### ABOUT THIS EXERCISE
Below are records to transcribe exactly, without their pictures.

### Items listed in a dataset
* * * *

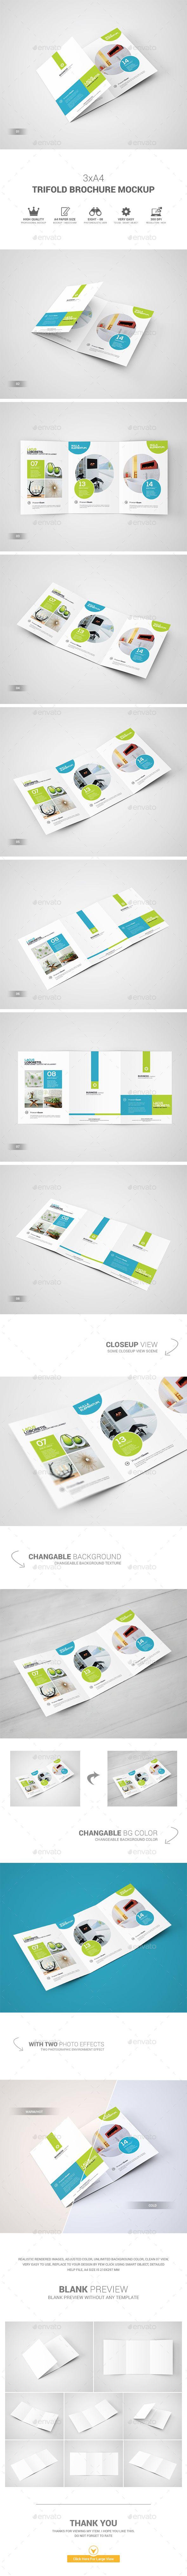 3xA4 Trifold Brochure Mockup - Brochures Print
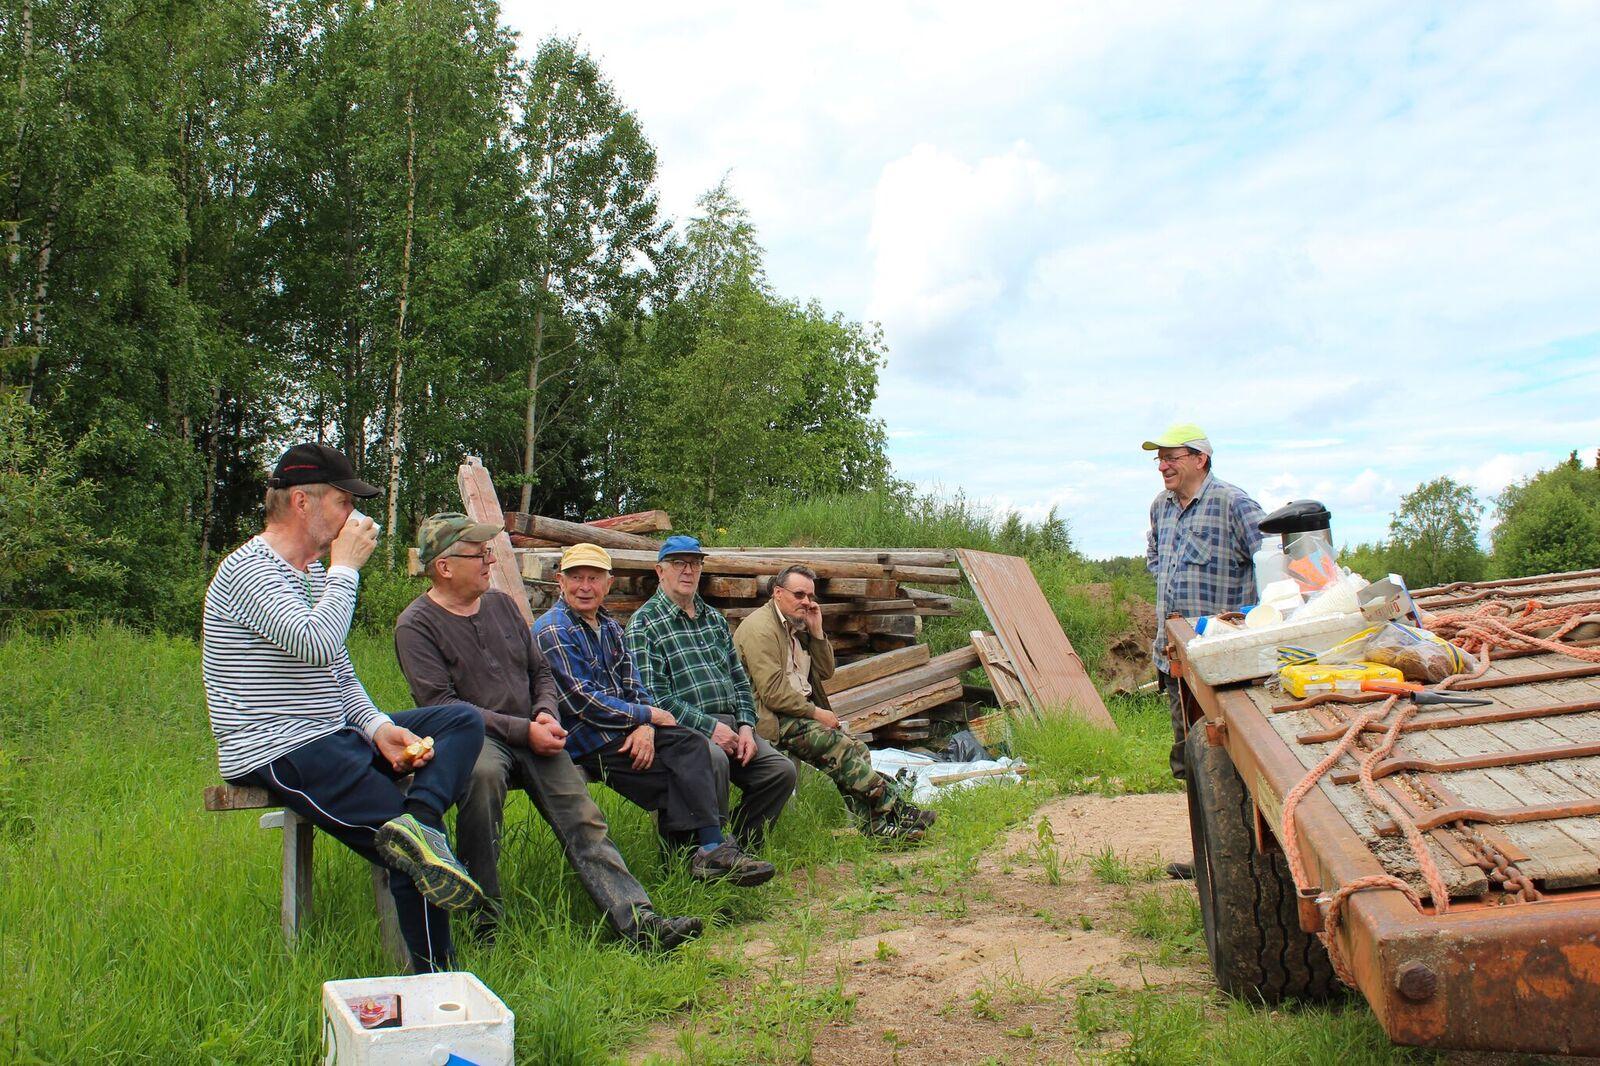 Meltosjärven kyläyhdistyksen talkooporukka kahvitauolla.
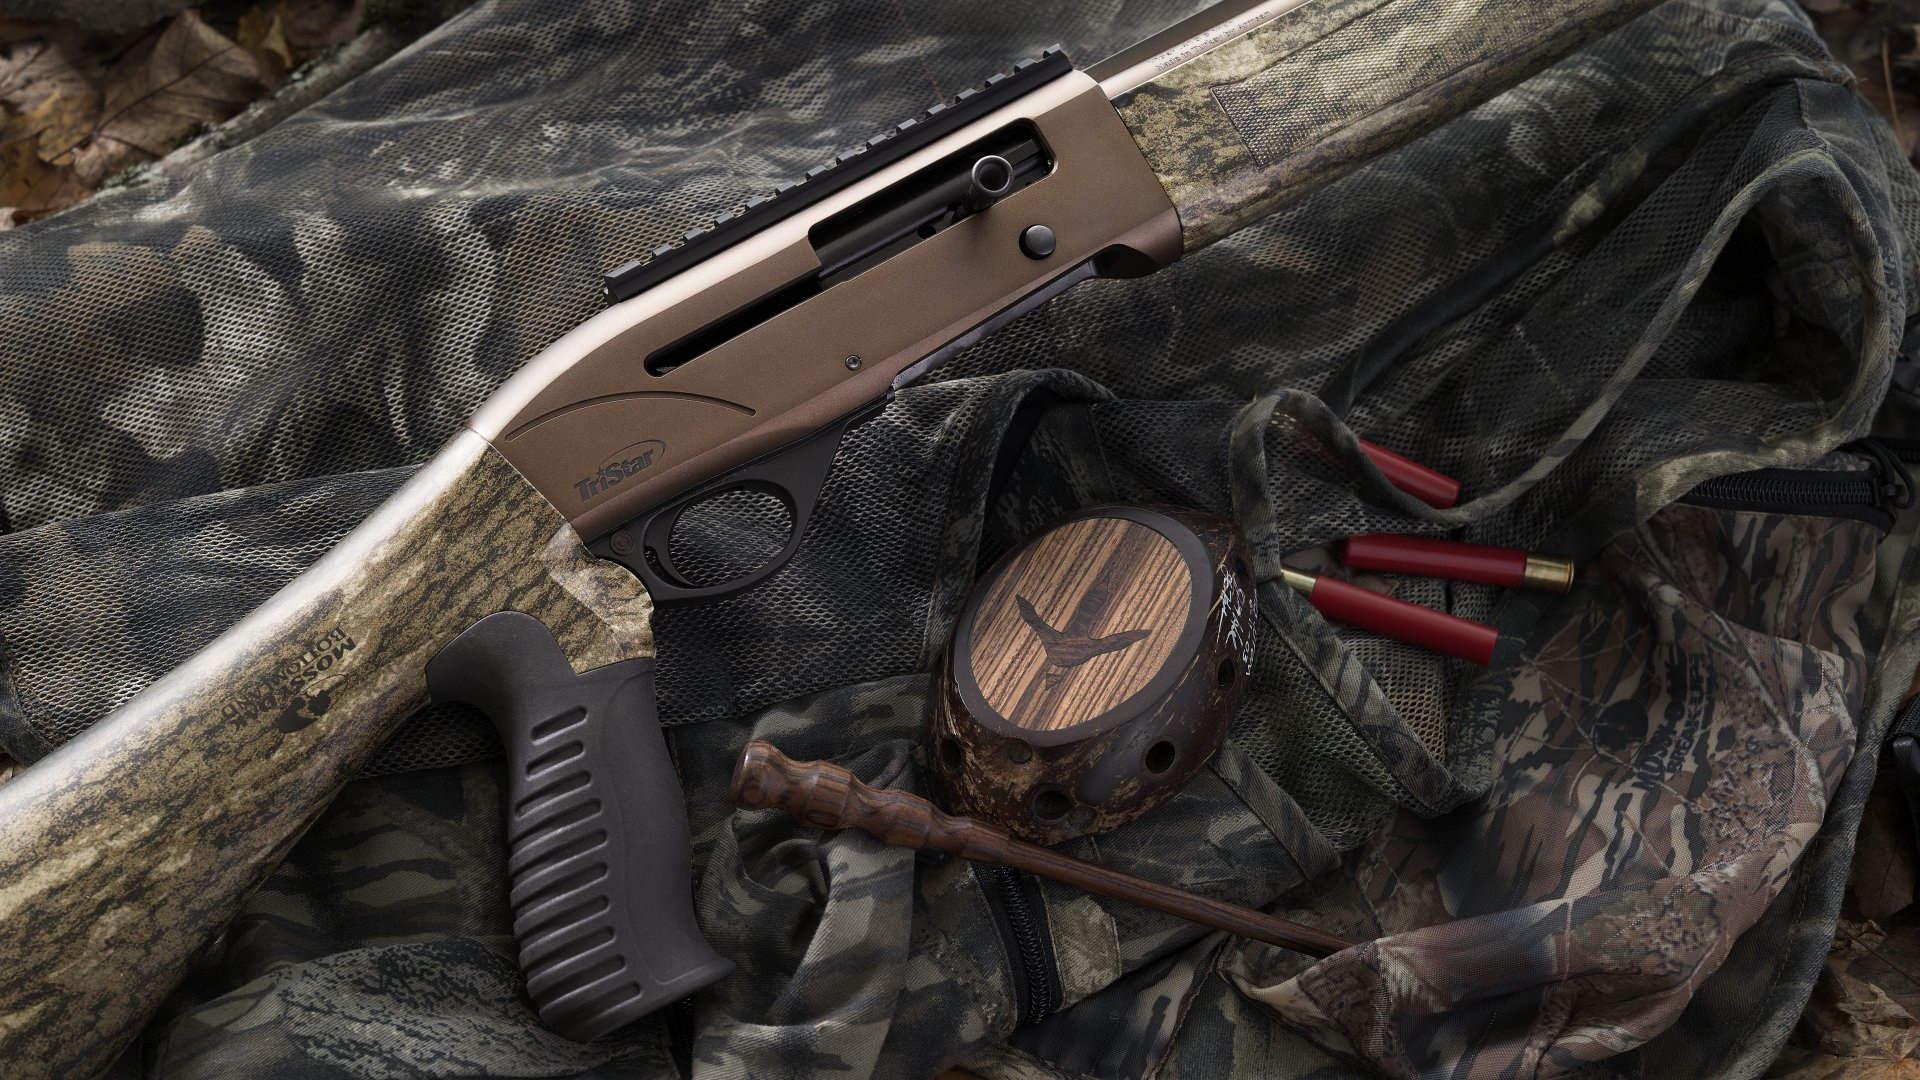 Viper G2 Camo Shotgun
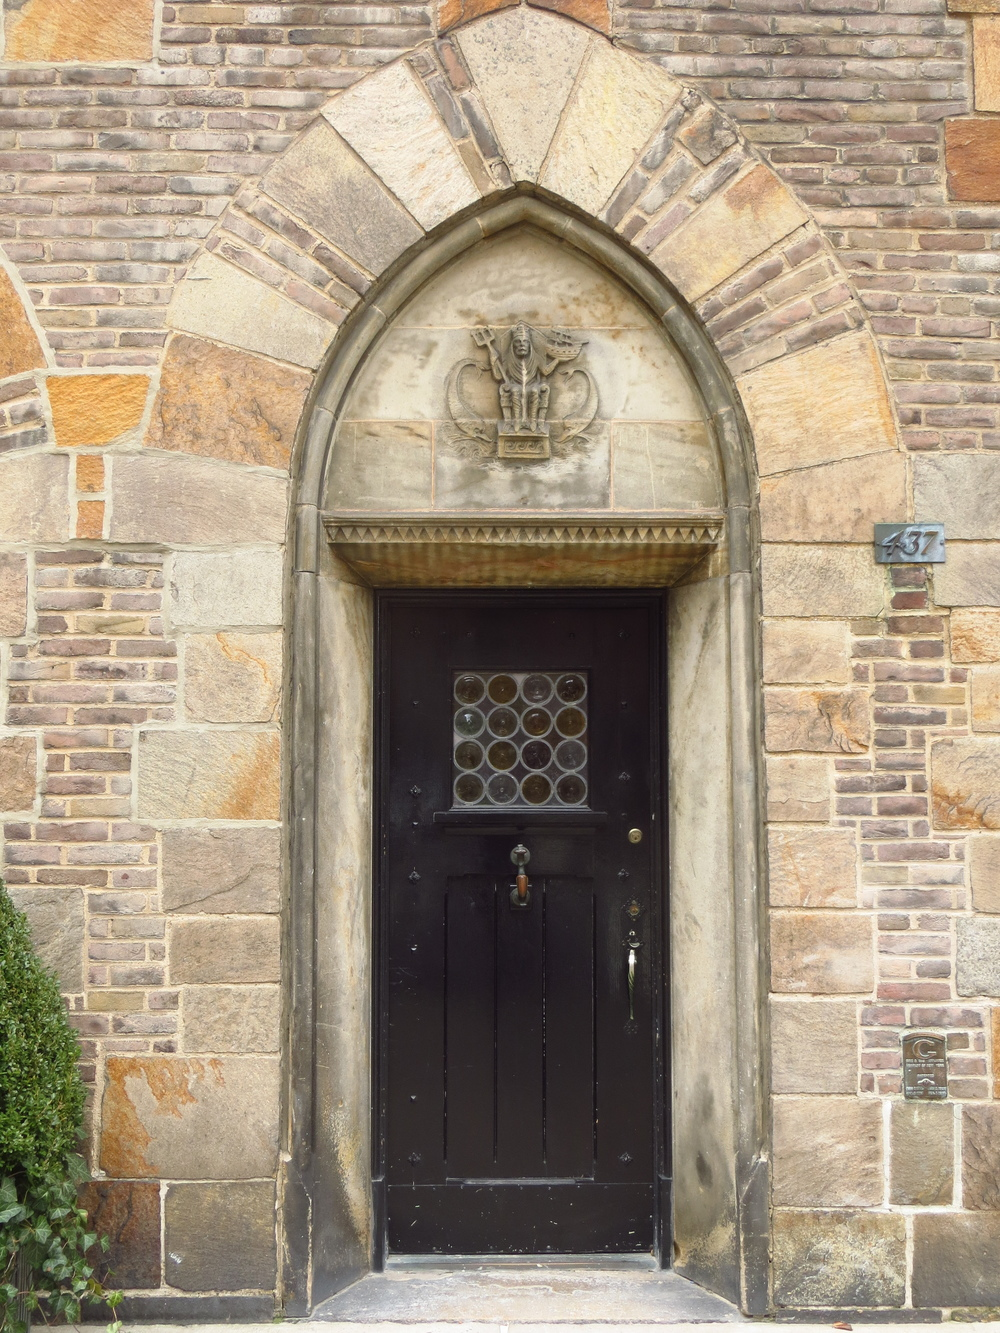 Gothic arch doorway
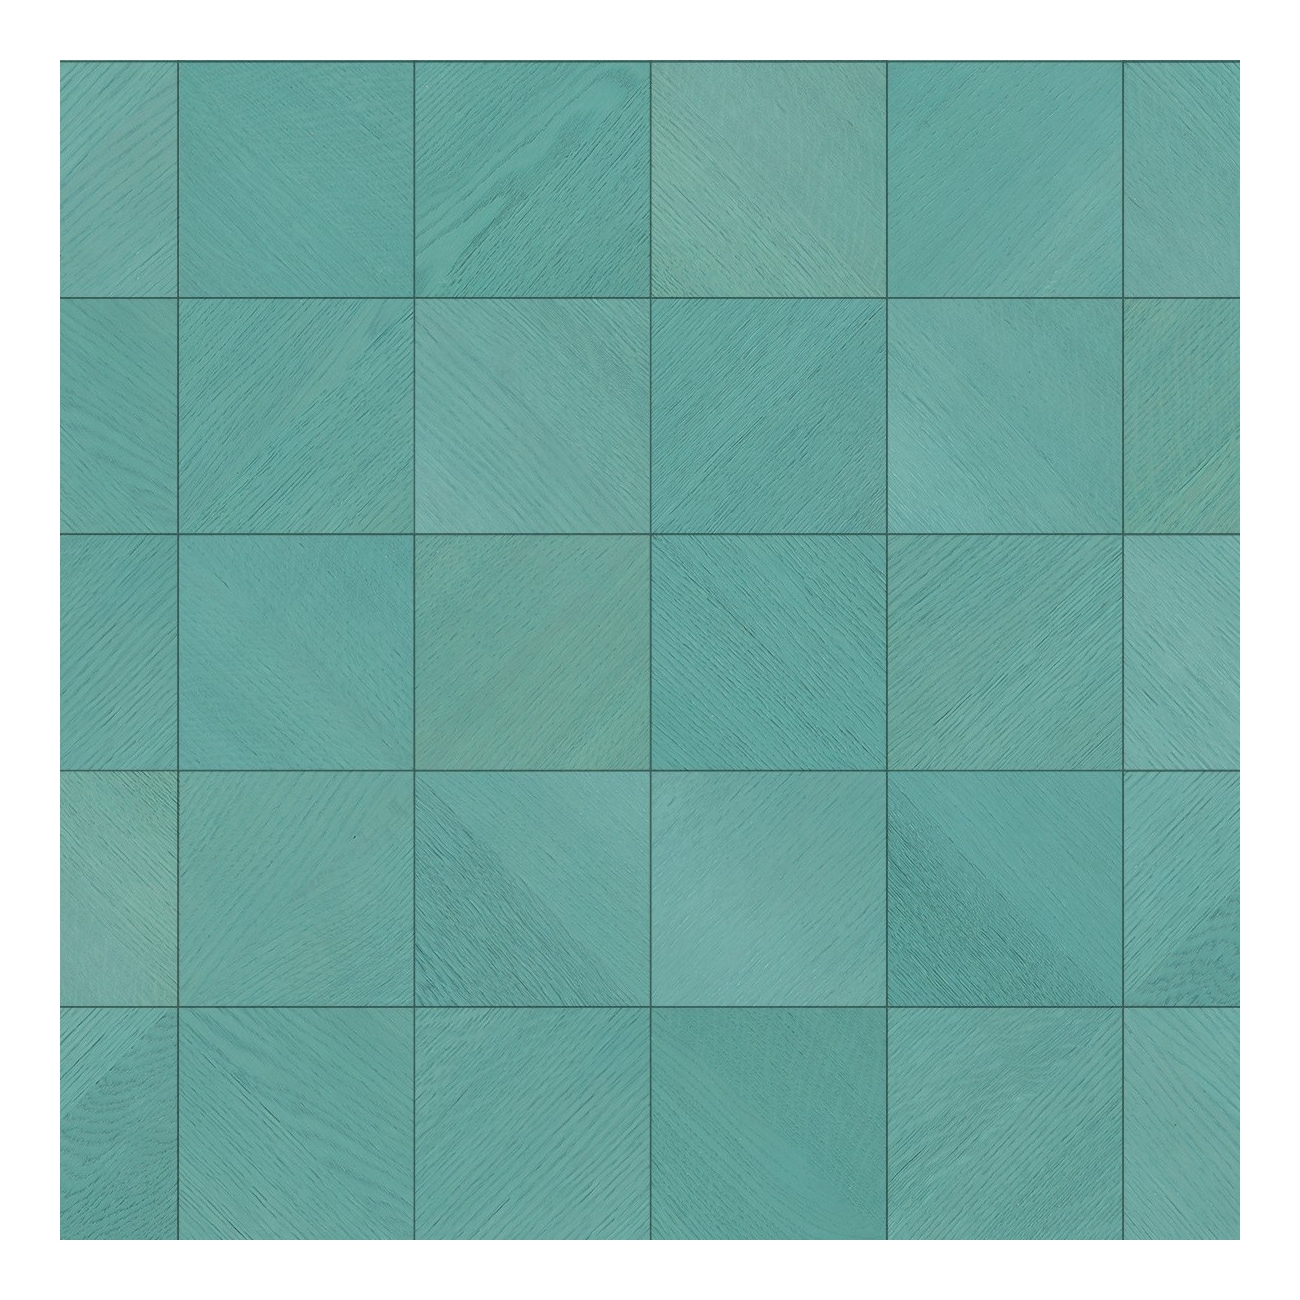 Bisazza Wood Quadro Mint (Q) 202x202
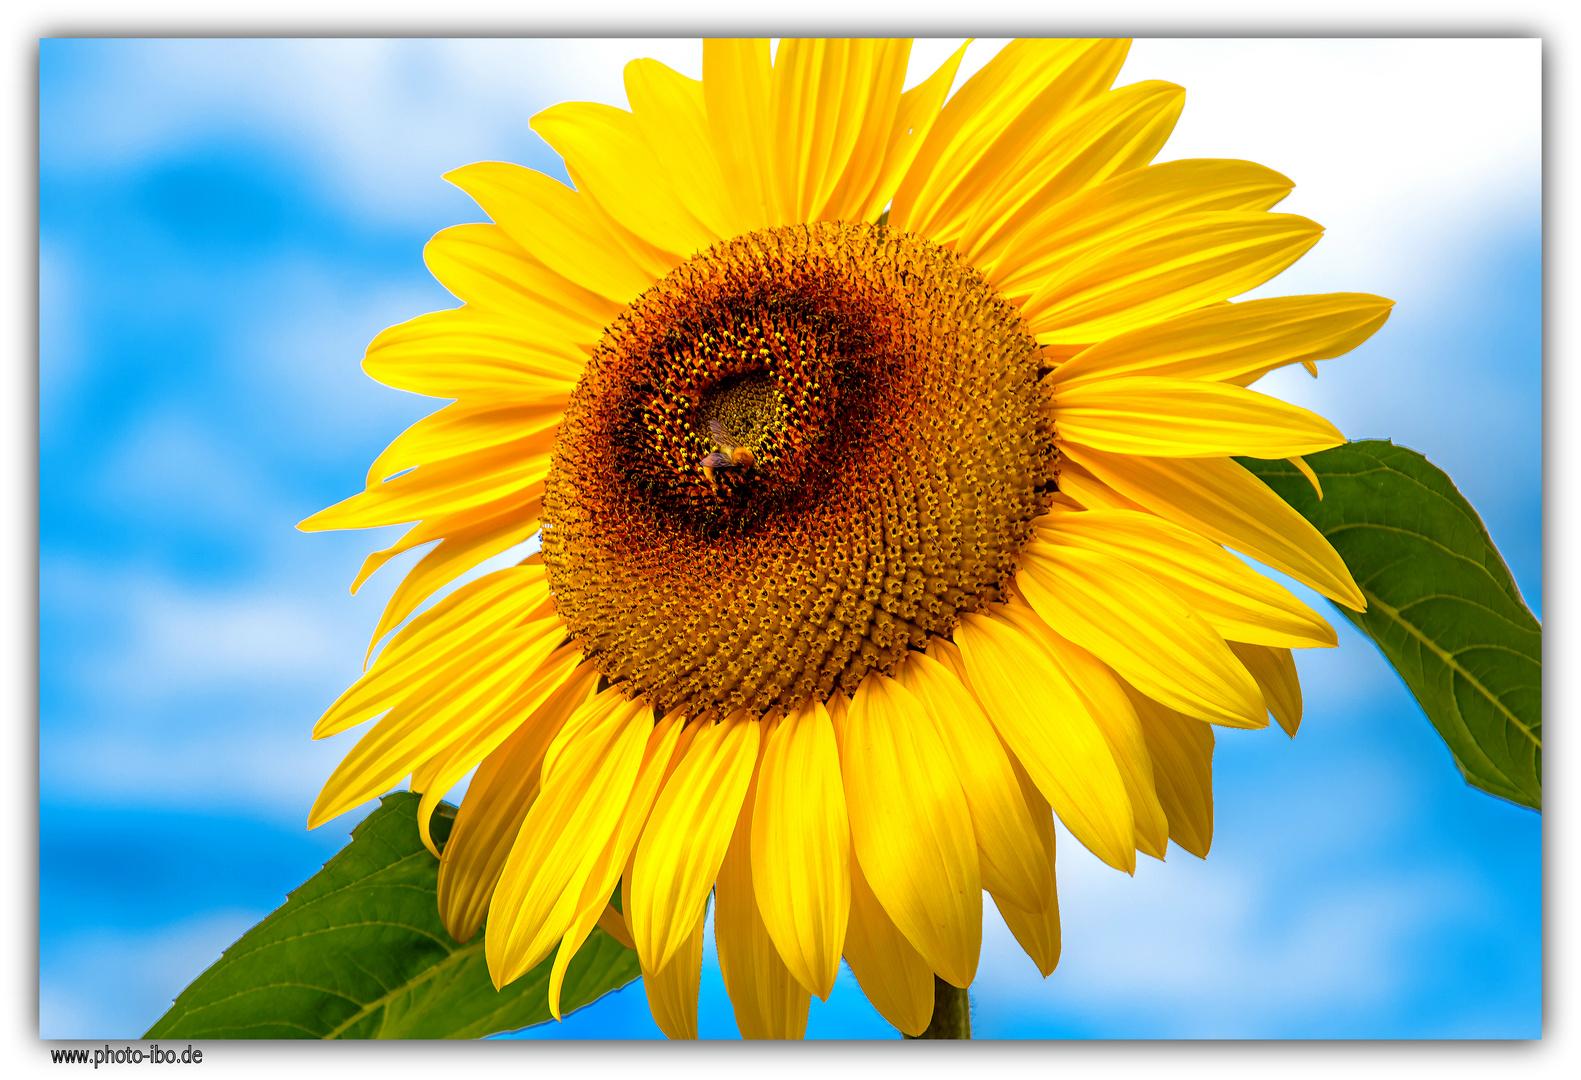 ..lassen wir die Sonne in unsere herzen

* * * *

### ANSWER FOR THE TASK
 3xA4 Trifold Brochure Mockup - Brochures Print
 Meltosjärven kyläyhdistyksen talkooporukka kahvitauolla.
 Viper G2 Camo Shotgun
 Gothic arch doorway
 Bisazza Wood Quadro Mint (Q) 202x202
 ..lassen wir die Sonne in unsere herzen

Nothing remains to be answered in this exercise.